Date de publication : 28 juillet 2021
J’ai passé ma vie dans une variété de lieux intéressants et exigeants dans différents postes, mais aucun n’a été plus important que notre défi actuel d’atteindre la neutralité carbone à Grangemouth d’ici 2045.
Quand j’étais enfant, mes parents voulaient que je devienne médecin, je voulais devenir médecin, et maintenant je me retrouve à diagnostiquer des problèmes et à concevoir des traitements pour des choses comme les valves collantes... c’est juste qu’elles ne sont pas dans le cœur humain mais dans les pompes au cœur de nos opérations.
Ce à quoi Charles faisait référence, c’est un défi qui hantait une génération d’ingénieurs sur place à Grangemouth : comment empêcher les joints des pompes des conduites d’éthylène de se dégrader et déclencher des arrêts automatiques des usines ?
Ces arrêts imprévus diminuent notre efficacité opérationnelle, entraînent une augmentation des niveaux de torsée et donc nos émissions ; Mettre en place des solutions innovantes qui réduisent ces émissions est logique pour l’entreprise et la planète.
Ces pompes sont d’une importance cruciale pour INEOS ; ils transportent l’éthylène des produits finis de Grangemouth vers nos clients à Runcorn et au-delà, générant un flux régulier de revenus pour les opérations sur place. Des milliers de tonnes d’éthylène haute pression sont pompées dans des pipelines de plusieurs centaines de kilomètres, 24 heures sur 24, 7 jours sur 7. Faire partie de la solution est ce qui motive de nombreux ingénieurs d’INEOS à travailler sur le site à Grangemouth. Créer des produits sûrs et durables qui répondent aux besoins de la société et le faire efficacement est l’objectif central de nos équipes d’ingénierie. Trouver une solution aux joints fragiles éviterait de devoir remplacer les pompes elles-mêmes, ce qui, à plus d’un million de livres par pompe pour l’équipement, l’installation et la mise en service, représenterait un coût important pour l’entreprise.
En réalité, ce n’était pas non plus la solution, ces pompes accomplissent leur travail vital dans des conditions de fonctionnement extrêmement difficiles, ce sont les joints qui ne pouvaient pas supporter l’environnement de fonctionnement : extrêmement froid -29°C, sous des pressions énormes de 90 BAR et tournant à 15 000 tr/min.
La solution réelle a été conçue à l’aide d’un procédé appelé Root Cause Analysis , auquel Charles avait été formé et utilisé intensivement lorsqu’il travaillait à la raffinerie de Grangemouth, propriété et exploitée par Petroineos.
Avec un historique de défaillances de joints, le carbure de carbone/silicium (un minéral cristallin naturel visible à droite) utilisé dans ces joints à tolérance de 3 microns (plus fins qu’un cheveu humain) ne fonctionnait pas bien car ils n’étaient pas assez durables pour le défi.
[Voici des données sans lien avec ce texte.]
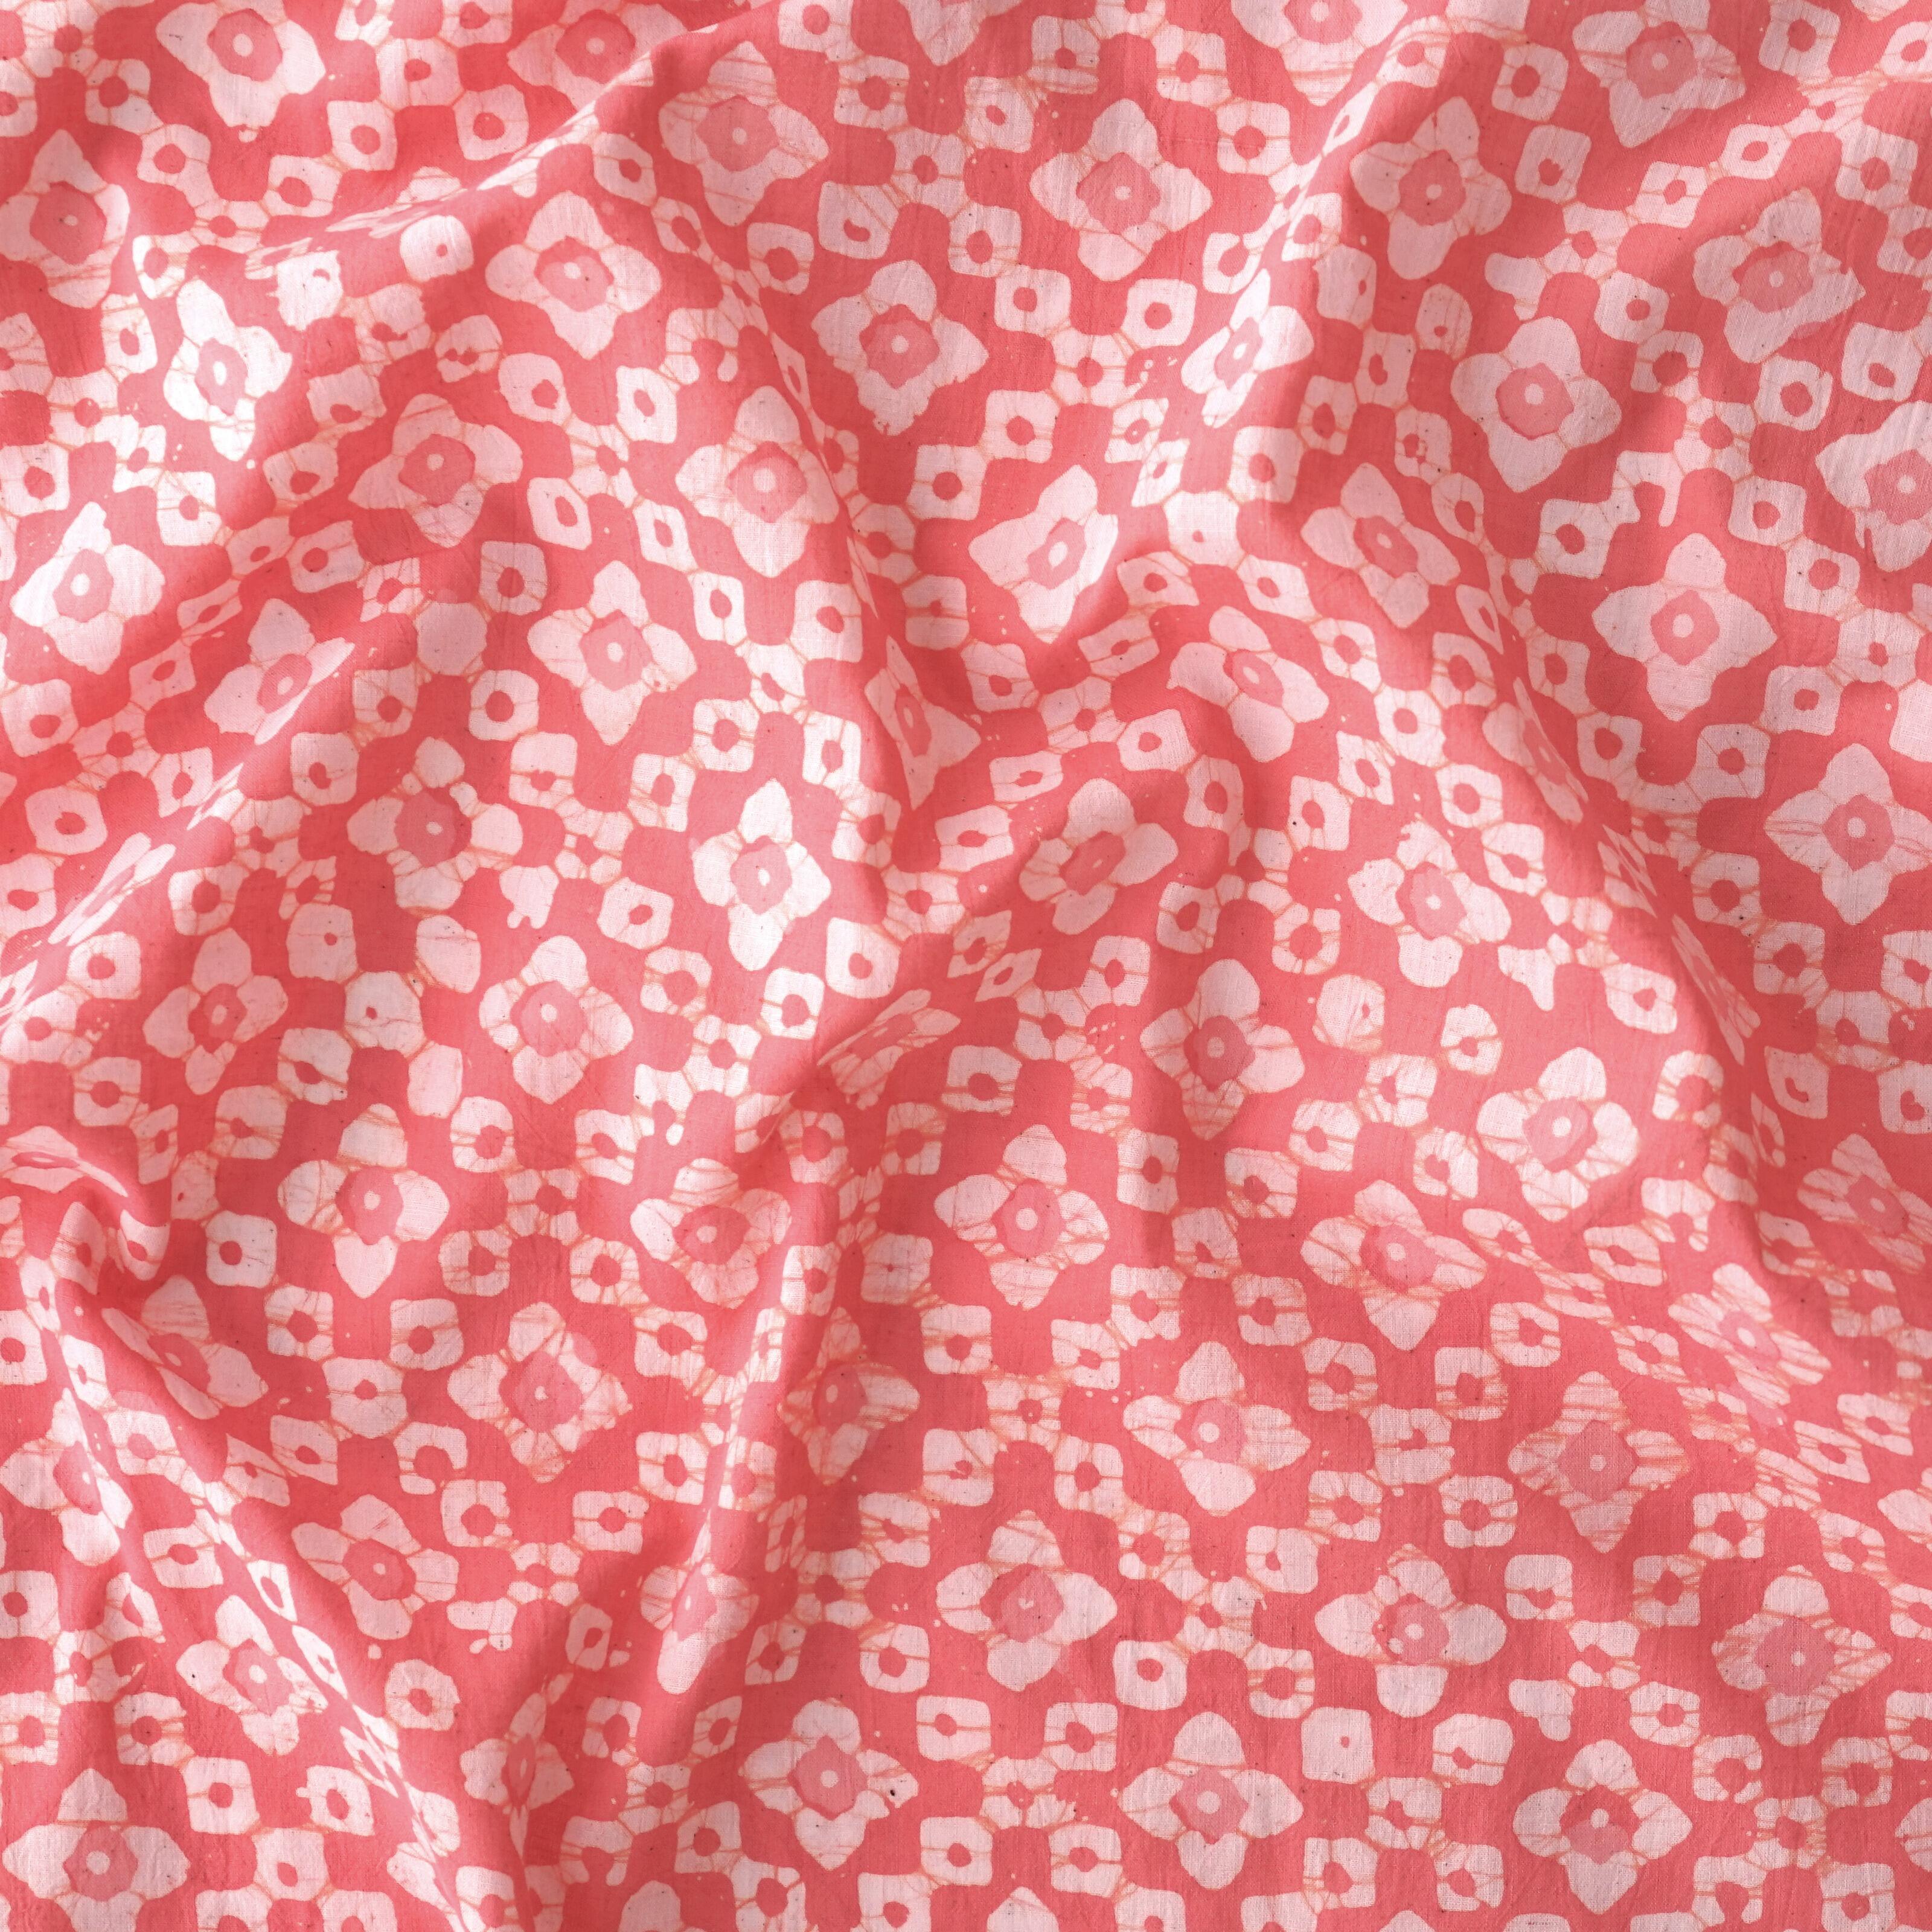 100% Block-Printed Batik Cotton Fabric From India - Alhambra Tiles Motif - Salmon Dye - Contrast

Bien que plus résistantes que le granit, les joints de la pompe s’usaient et devaient être remplacés aussi souvent qu’une fois toutes les 6 à 8 semaines – ce qui était très perturbant ; des situations d’arrêt complexes si plusieurs joints échouaient simultanément entraîneraient le déclenchement de l’usine.
Comme pour d’autres opérations de site, chaque coupure imprévue a eu des conséquences indésirables – augmentation de la flarisation de l’éthylène qui ne pouvait pas être exportée, entraînant des pertes de ventes, et contribuant aux émissions de GES à Grangemouth – il existe d’importants avantages économiques et environnementaux à améliorer la fiabilité opérationnelle.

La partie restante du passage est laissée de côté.